Biestek v. Berryhill, 139 S. Ct. 1148 (2019) is in the books and it is the law of land.  The proposition that the agency will lever is the restatement of substantial evidence:
Under the substantial-evidence standard, a court looks to an existing administrative record and asks whether it contains "sufficien[t] evidence" to support the agency's factual determinations. Consolidated Edison Co. v. NLRB, 305 U. S. 197, 229 (1938)(emphasis deleted). And whatever the meaning of "substantial" in other contexts, the threshold for such evidentiary sufficiency is not high. Substantial evidence, this Court has said, is "more than a mere scintilla." Ibid.; see, e.g., Perales, 402 U. S., at 401 (internal quotation marks omitted). It means—and means only—"such relevant evidence as a reasonable mind might accept as adequate to support a conclusion." Consolidated Edison, 305 U. S., at 229. See Dickinson v.
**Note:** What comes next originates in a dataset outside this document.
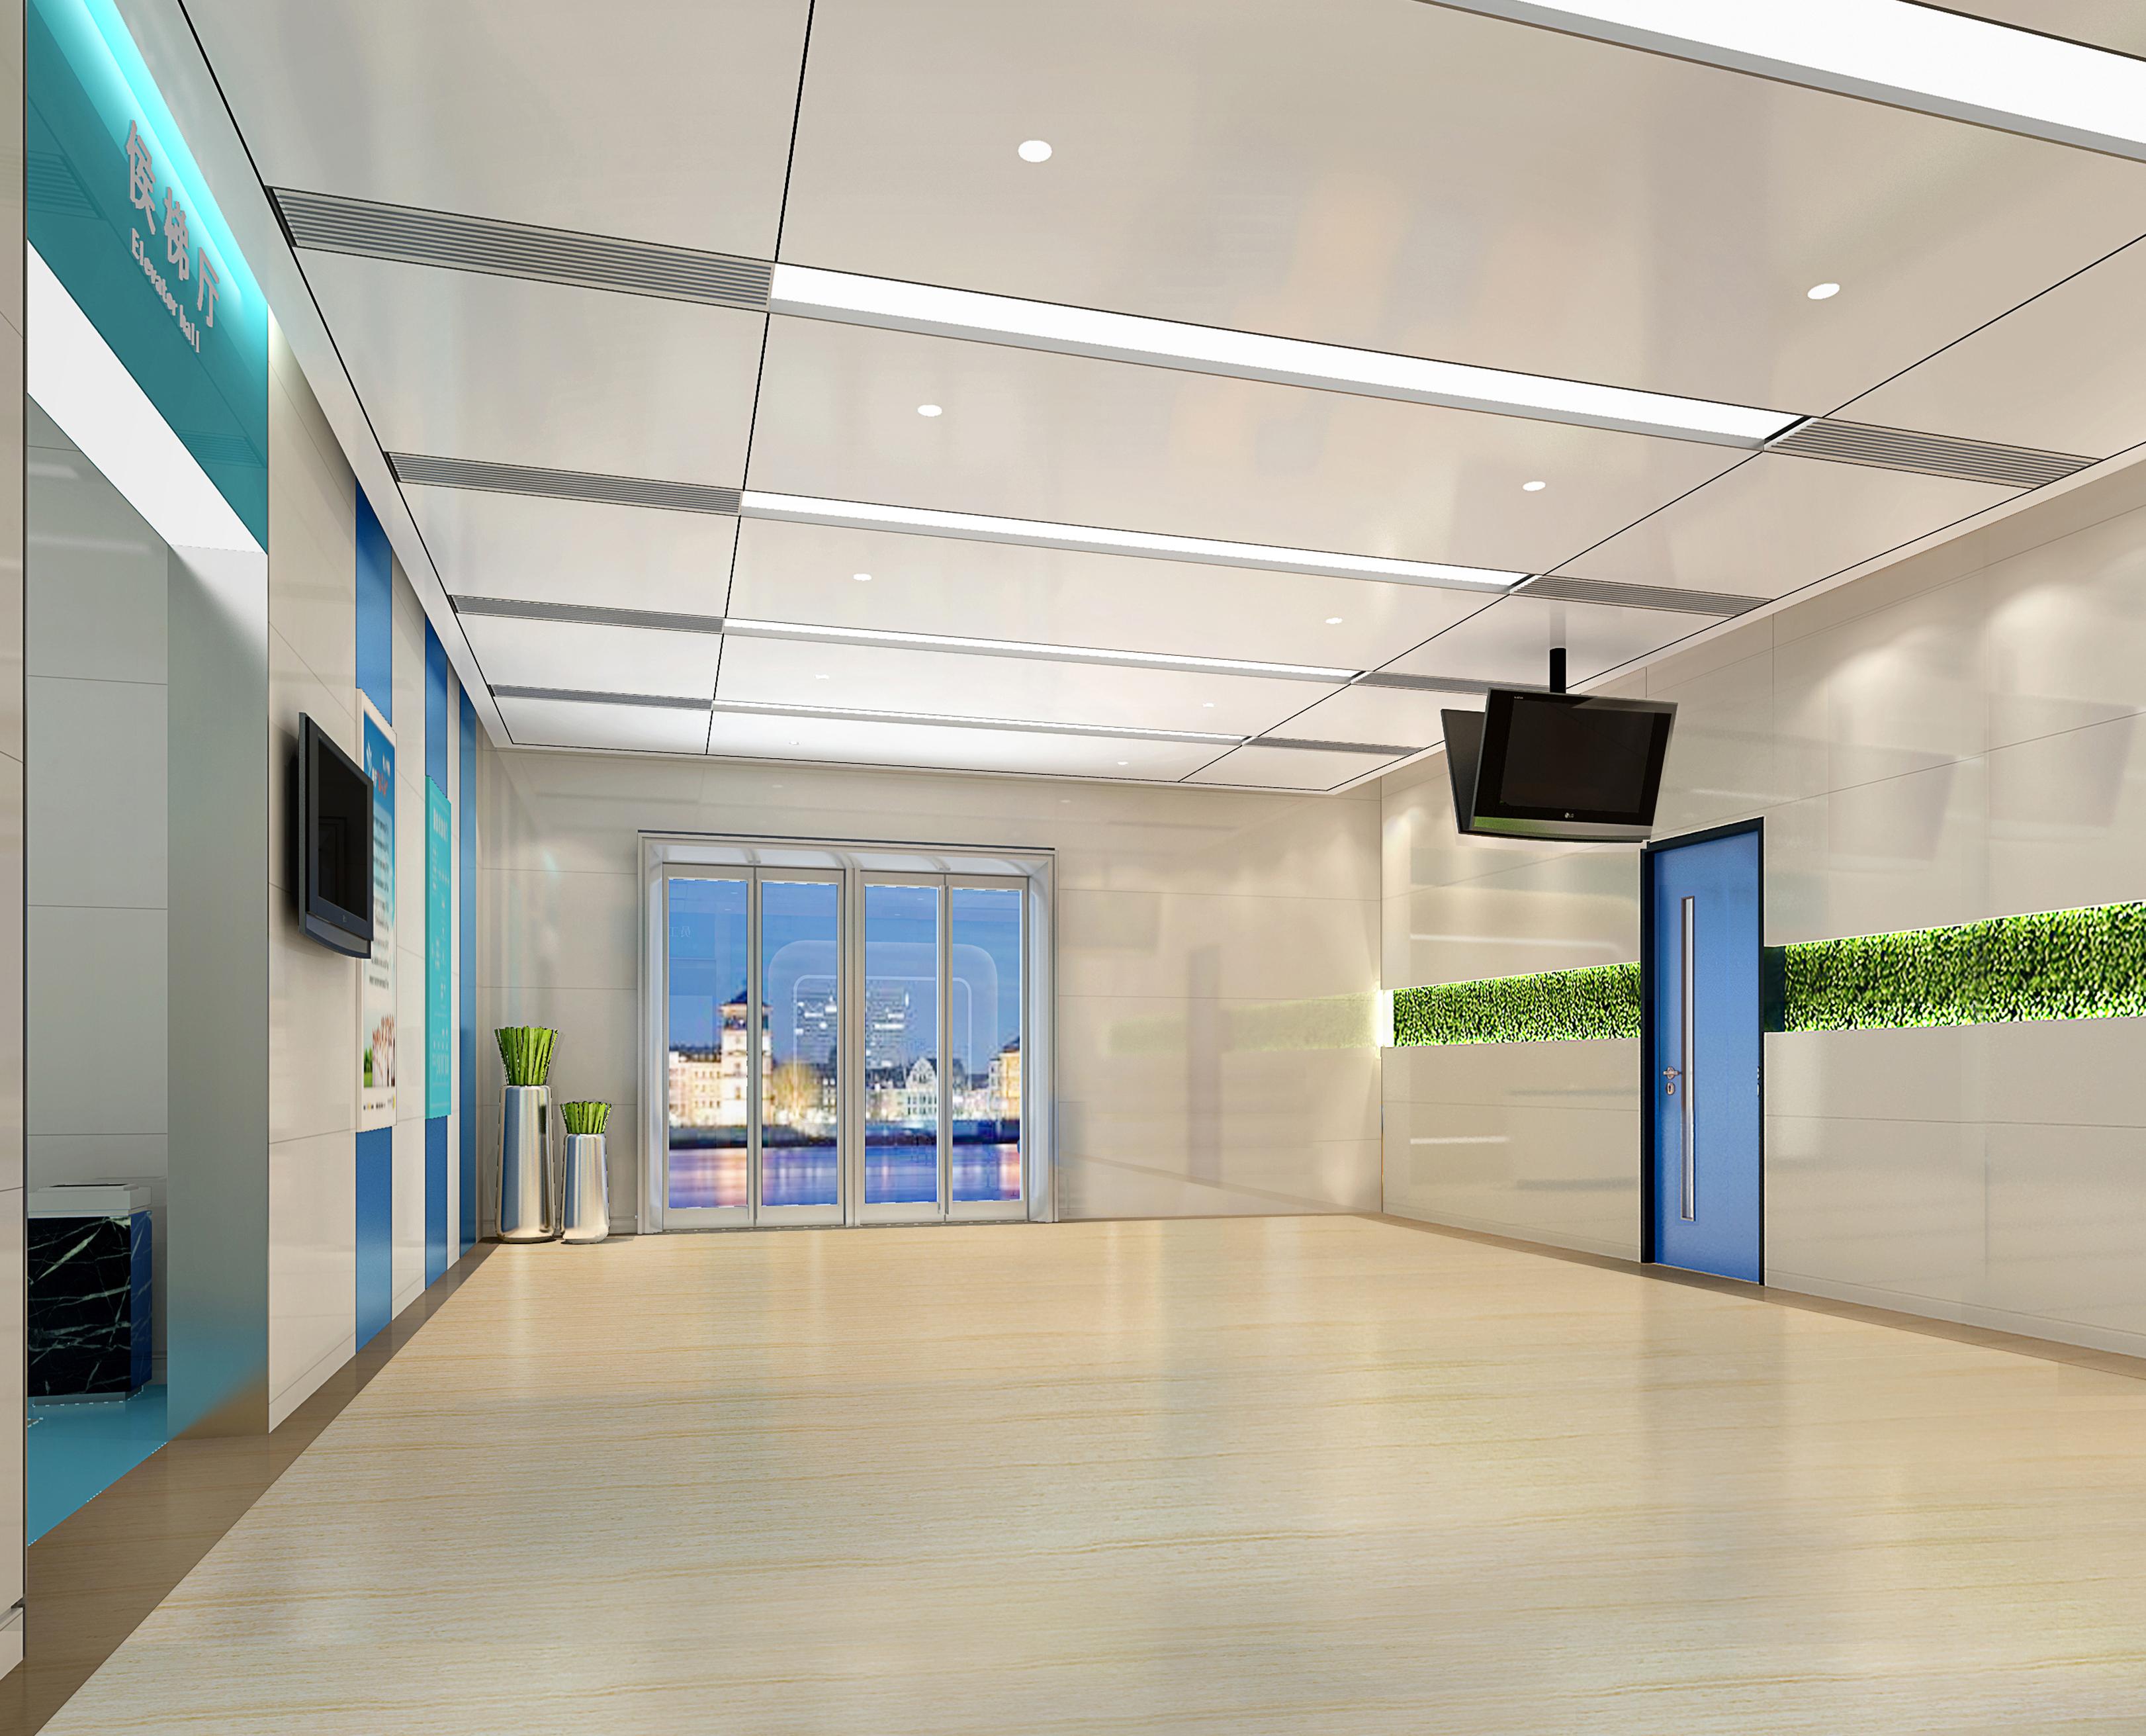 医疗空间设计效果图医院诊所社区医院体检中心整形美容设计装修

Zurko, 527 U. S. 150, 153 (1999) (comparing the substantial-evidence standard to the deferential clearly-erroneous standard).
 The question for the practitioner, that the majority did not answer, is whether 240,000 bench assembler jobs or 120,000 sorter jobs nationwide is adequate to persuade the reasonable mind.  The Court found on the uncontradicted record that the naked testimony of vocational evidence was substantial evidence.  The majority opinion observes, "And nothing in the rest of the record conflicts with anything she says."  When that happens, the claimant always loses absent frank conflict with the DOT/SCO.

There is no "gotcha" in cross-examining vocational experts.  No one question that guts the evidence spewed out.
Biestek v. Commissioner of Social Security, 880 F. 3d 778 (2018) [...] recognized that the Seventh Circuit had adopted the categorical rule Biestek proposed, precluding a vocational expert's testimony from qualifying as substantial if the expert had declined an applicant's request to provide supporting data. See id., at 790 (citing McKinnie v. Barnhart, 368 F. 3d 907, 910-911 (2004)). But that rule, the Sixth Circuit observed in joining the ranks of unconvinced courts, "ha[d] not been a popular export." 880 F. 3d, at 790 (internal quotation marks omitted). 
And no more is it so today.
No key that unravels the vocational expert testimony.

Biestek gives the out. Because the claimant loses in the absence of contradictory evidence.  The obverse is therefore the path to changing the vocational evidence into less than a preponderance of evidence.  That preserves the argument for review by the Appeals Council, District Court, Court of Appeals, or the Supreme Court that the contradicted vocational expert testimony is not substantial evidence.  Just old fashioned bare knuckle lawyering.
And of course, a different (maybe less qualified) expert failing to produce such data might offer testimony that is so feeble, or contradicted, that it would fail to clear the substantial-evidence bar.
The task of the representative at the hearing or on review to the Appeals Council is to make the vocational expert look feeble.  The representative must gut the vocational expert, from top to bottom.  
She explains that she arrived at her figures by surveying a range of representative employers; amassing specific information about their labor needs and employment of people with disabilities; and extrapolating those findings to the national economy by means of a well-accepted methodology.
The attack examines the survey, looks at the specific information, explores the process of extrapolation, and assesses whether the witness used a well-accepted methodology.  The agency won the battle in Biestek but cannot win the war.  The vocational experts either use a well-accepted methodology or the representative goes to the mattresses.  Of course the representative that does not eviscerate the vocational expert during the hearing or in a post-hearing submission to the agency falls below the standard of care.  Some people call that malpractice.